GroundVue is making public meetings searchable with Codex
# business
# startup
# govtech

Travis Hoppe, Ann Lewis, and Shannon Arvizu are building a platform that helps governments learn from decisions already being made across the country.

GroundVue is making public meetings searchable with Codex
Codex is helping Travis Hoppe, Ann Lewis, and Shannon Arvizu build a new way for governments to learn from one another.
Their company, GroundVue, starts with a problem local officials know well: cities, counties, and states are often working through the same hard challenges, from homelessness to infrastructure to public health, without an easy way to see what other governments have already tried.
The answers often exist. They are just buried inside public meetings.
GroundVue turns those meetings into information officials can search and compare. A mayor looking for ways to prevent homelessness could see how other cities are helping families stay in their homes before eviction. A county confronting an unfamiliar challenge could learn what similar places debated, decided, and discovered.
“We’re now creating a way to make government searchable in real time,” said Shannon, a sociologist and policy researcher.
GroundVue is solving a difficult data problem. Across the US, roughly 90,000 government bodies make decisions that touch people’s lives. About half of their public meeting videos are available in obvious places, like YouTube. The rest are spread across local websites and other platforms, with no single format or easy way to find them.
GroundVue uses Codex to help find those harder-to-reach public sources and build the systems needed to keep collecting them. OpenAI models help transcribe the meetings and identify the problems, tradeoffs, and possible solutions officials are discussing.
For Ann, who previously led Technology Transformation Services at the General Services Administration, the change in speed is dramatic: “All those steps that previously took a few days or a few weeks take us literally minutes now.”
Travis joined the company after serving as the chief AI officer at the Centers for Disease Control and Prevention, where he used OpenAI’s Deep Research in a pilot program to help the agency process large volumes of research and data.
GroundVue reflects a related idea: AI can help public institutions make sense of information that would otherwise be too scattered and time-consuming to use.

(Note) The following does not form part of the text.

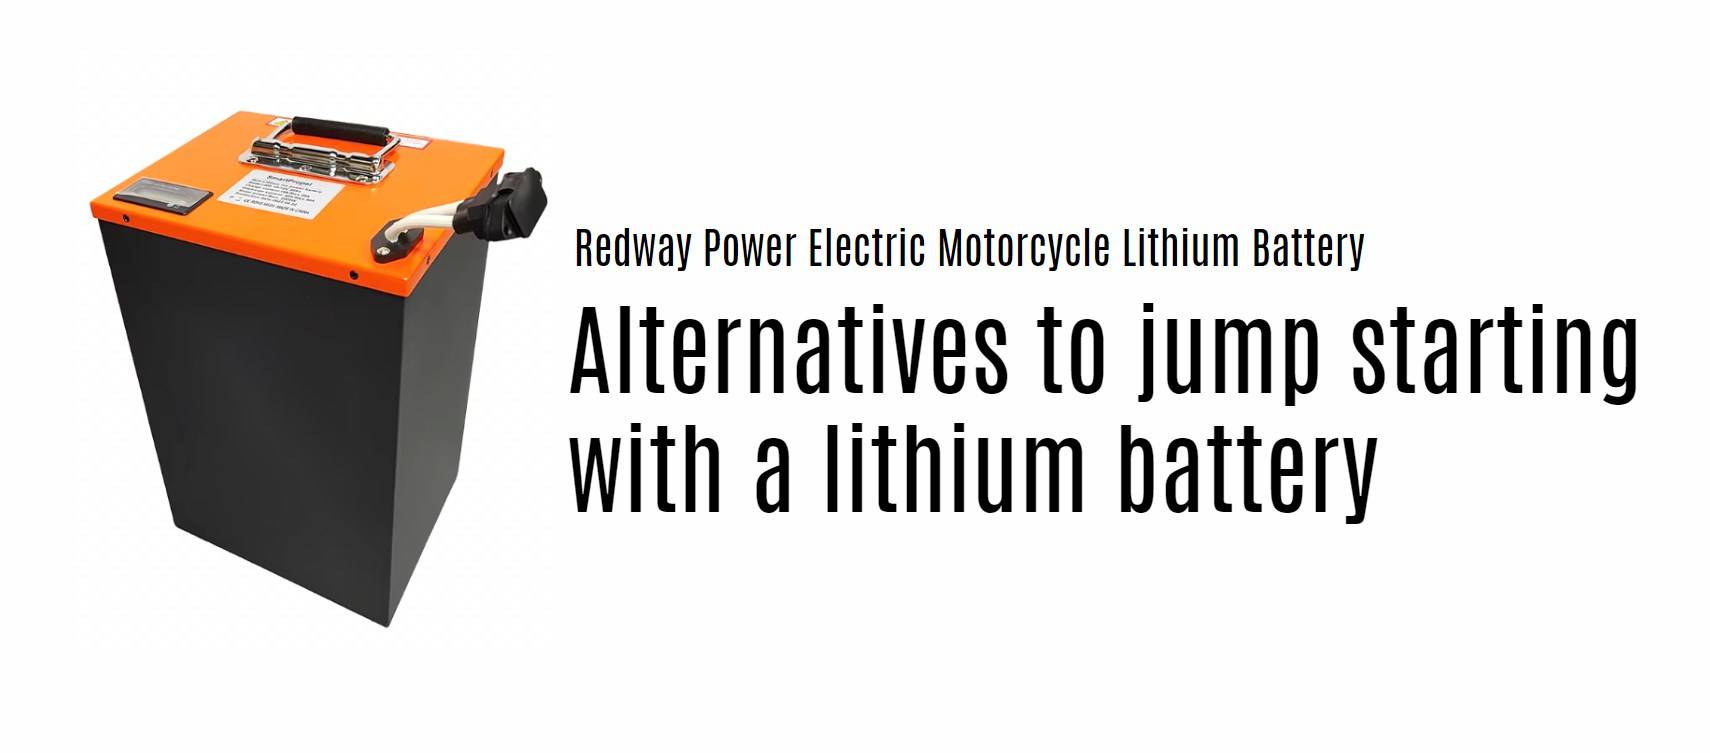 electric motorcycle lithium battery manufacturer factory oem. Alternatives to jump starting with a lithium battery.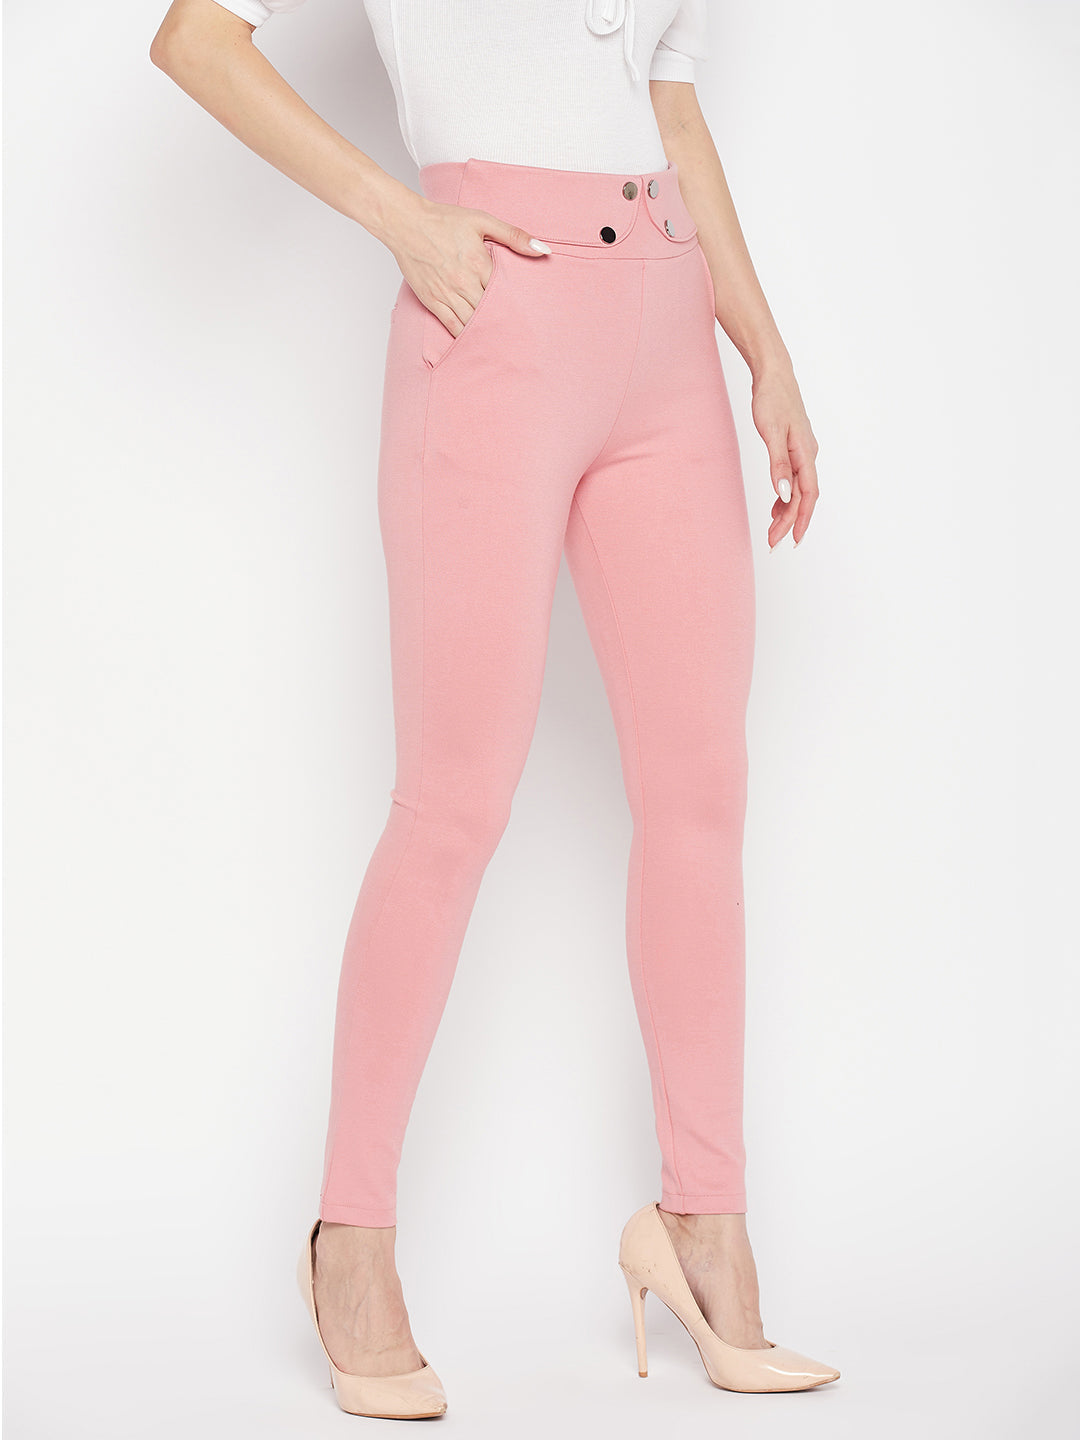 Clora Pink Solid Relaxed Fit Jeggings

The analytical work has changed, too. “Before AI, this would have taken an army of technologists and an army of social scientists,” Shannon said.
GroundVue is still in its infancy. The company plans to launch first in Virginia, California, and Minnesota over the next few months, expand nationally later this year, and add full historical data to the platform within two years.
The point is not to replace public servants or local judgment. It is to help officials learn from the decisions and debates already taking place in communities across the country.
As Travis puts it, “Instead of using generative AI to generate things, we can use it to listen to the things that people are actually saying.”